Kiara Williams, a leader of the group Warriors in the Garden. Protests continue since George Floyd was killed by police in Minneapolis on 25 May © Ira L. Black/Corbis via Getty Images
Kiara Williams, a leader of the group Warriors in the Garden. Protests continue since George Floyd was killed by police in Minneapolis on 25 May © Ira L. Black/Corbis via Getty Images

Firms urged to commit 1% of spend with ethnic minority businesses

Will Green is news editor of Supply Management
1 July 2020

All FTSE100 firms are being urged to commit a minimum of 1% of procurement spend with ethnic minority businesses in the wake of the death of George Floyd.

Supplier diversity organisation MSDUK said Floyd’s killing by police in the US had led to worldwide calls for justice and “for the first time we are seeing a collective response from corporate leaders”.
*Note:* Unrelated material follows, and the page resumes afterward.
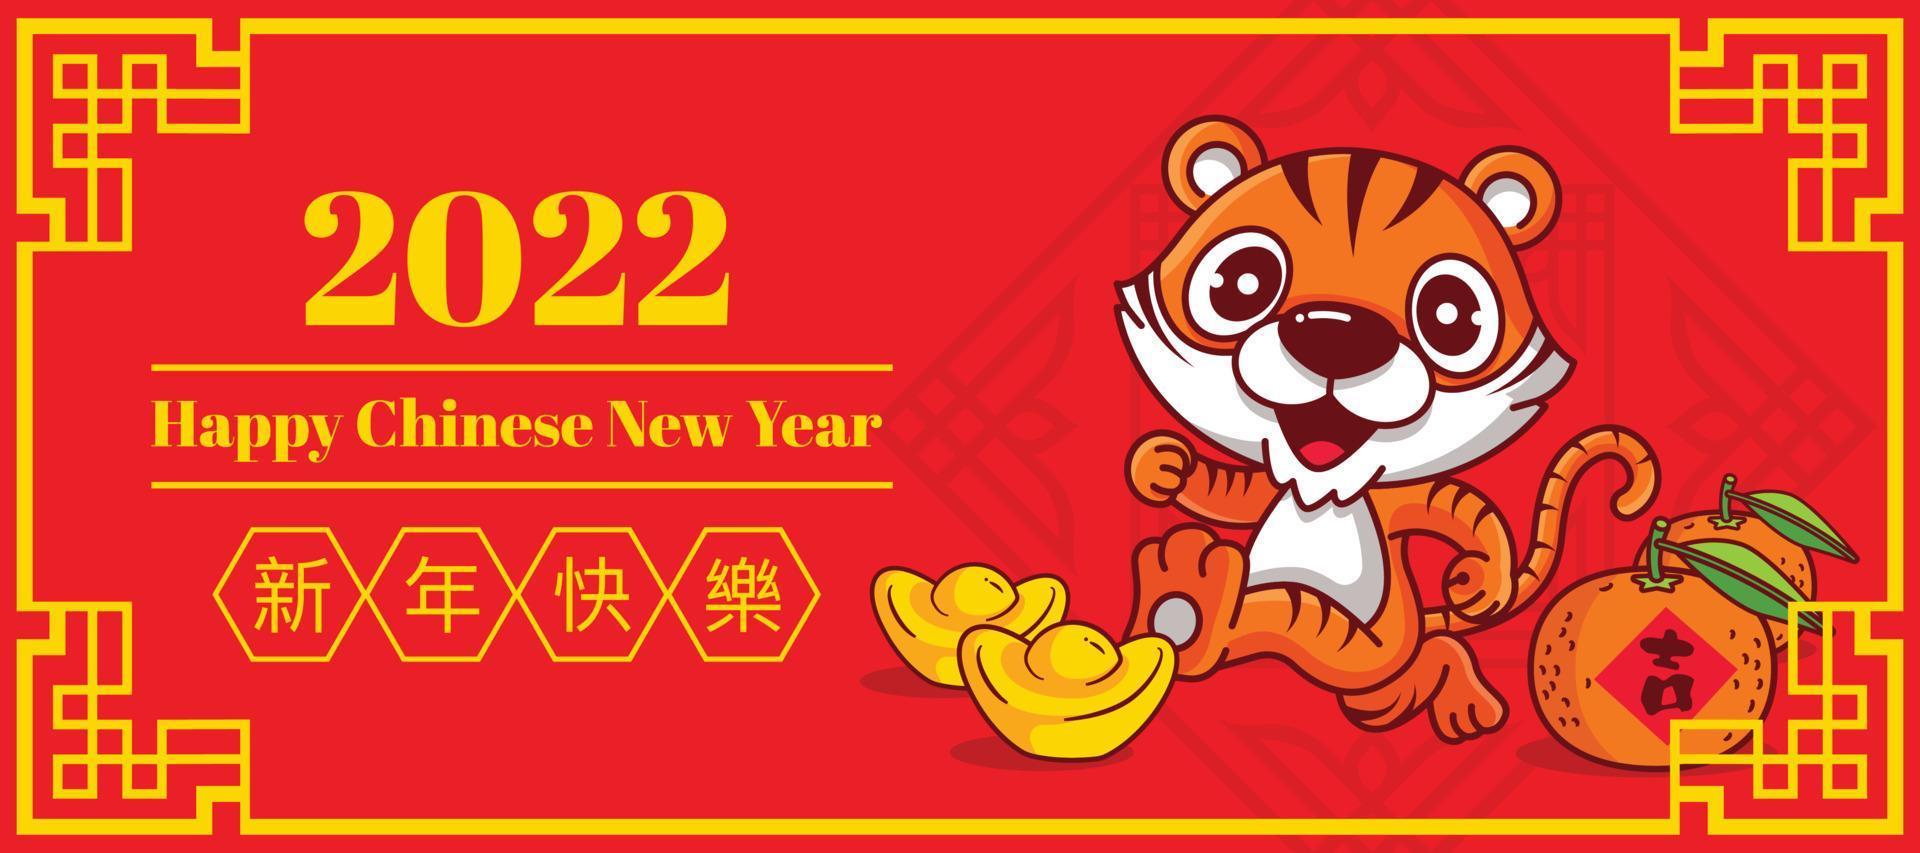 2022 Happy Chinese New Year greeting card. Cartoon cute tiger running happily. Gold ingot and mandarin orange on floor with 2022 chinese new year wishes vector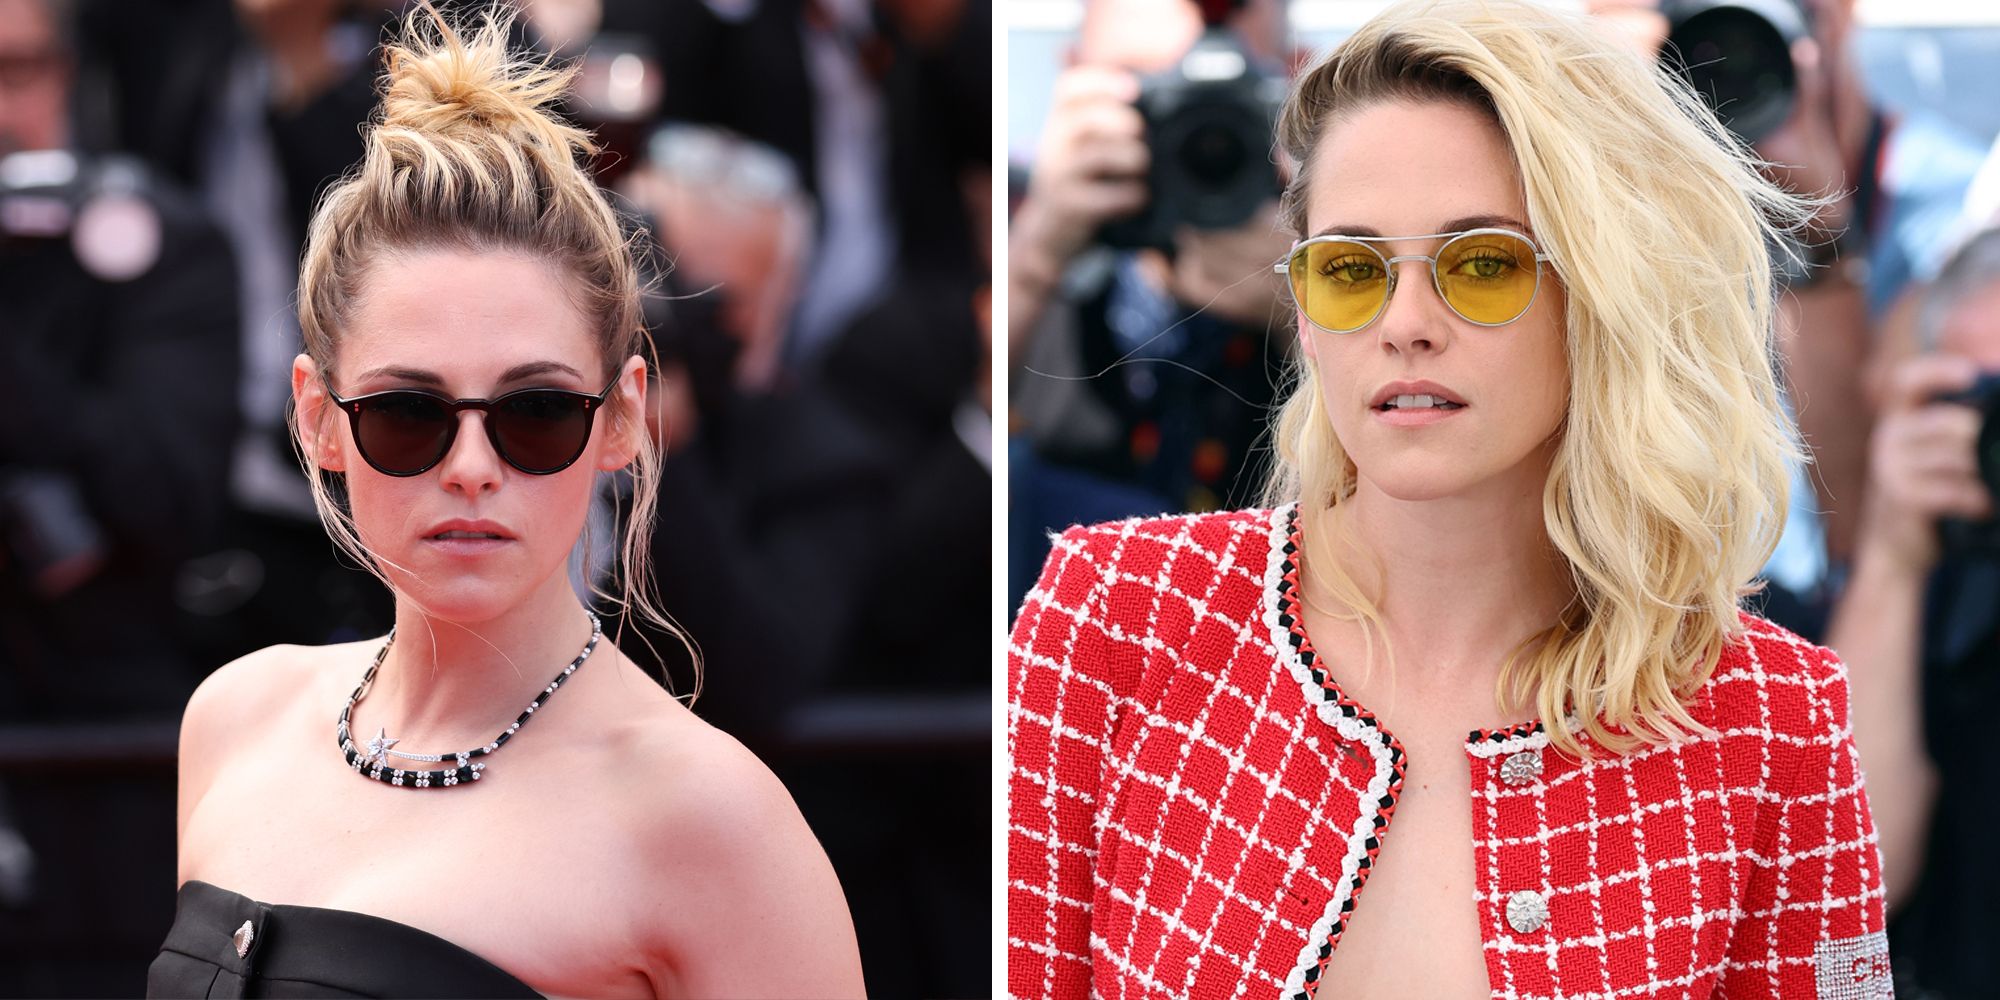 Kristen Stewart on Returning to Cannes, Taking Fashion Risks and More – WWD

Along with the 1% spend commitment, MSDUK is calling for supplier diversity to be made mandatory in UK government tenders and contracts.

Mayank Shah, founder and CEO of MSDUK, said: “We believe it’s not just the role of corporate leaders, politicians, or sport stars to raise inequality issues; every one of us has a part to play.

“Only through increased supplier diversity, in both public and private sector procurement processes, will we be able to address socio-economic issues and create long-lasting change.”

MSDUK said the government did not monitor ownership of businesses around ethnicity or gender. “How can you produce policies to support disadvantaged business groups, if you do not collect or analyse any data?” said Shah.

“None of the 24 government departments or any local councils in the UK have a remit or mandate around supply diversity – this needs to change, and it needs to change quickly.”

He added: “All under-represented business groups – ethnic minorities, women, and others – should be a key part of the government’s policy to spend 33% with SMEs.”

MSDUK – which has worked with 125 global corporations and 3,000 ethnic minority businesses, generating more than £800m worth of business – said Companies House must be directed by the government to include questions on the ethnicity and gender of company directors.

Shah said: “We are asking all FTSE100 firms and global corporations with a significant presence in the UK to make supplier diversity a core part of your strategy. We urge organisations to make a public commitment to do business with ethnic minority businesses, and to back this with measurable targets.”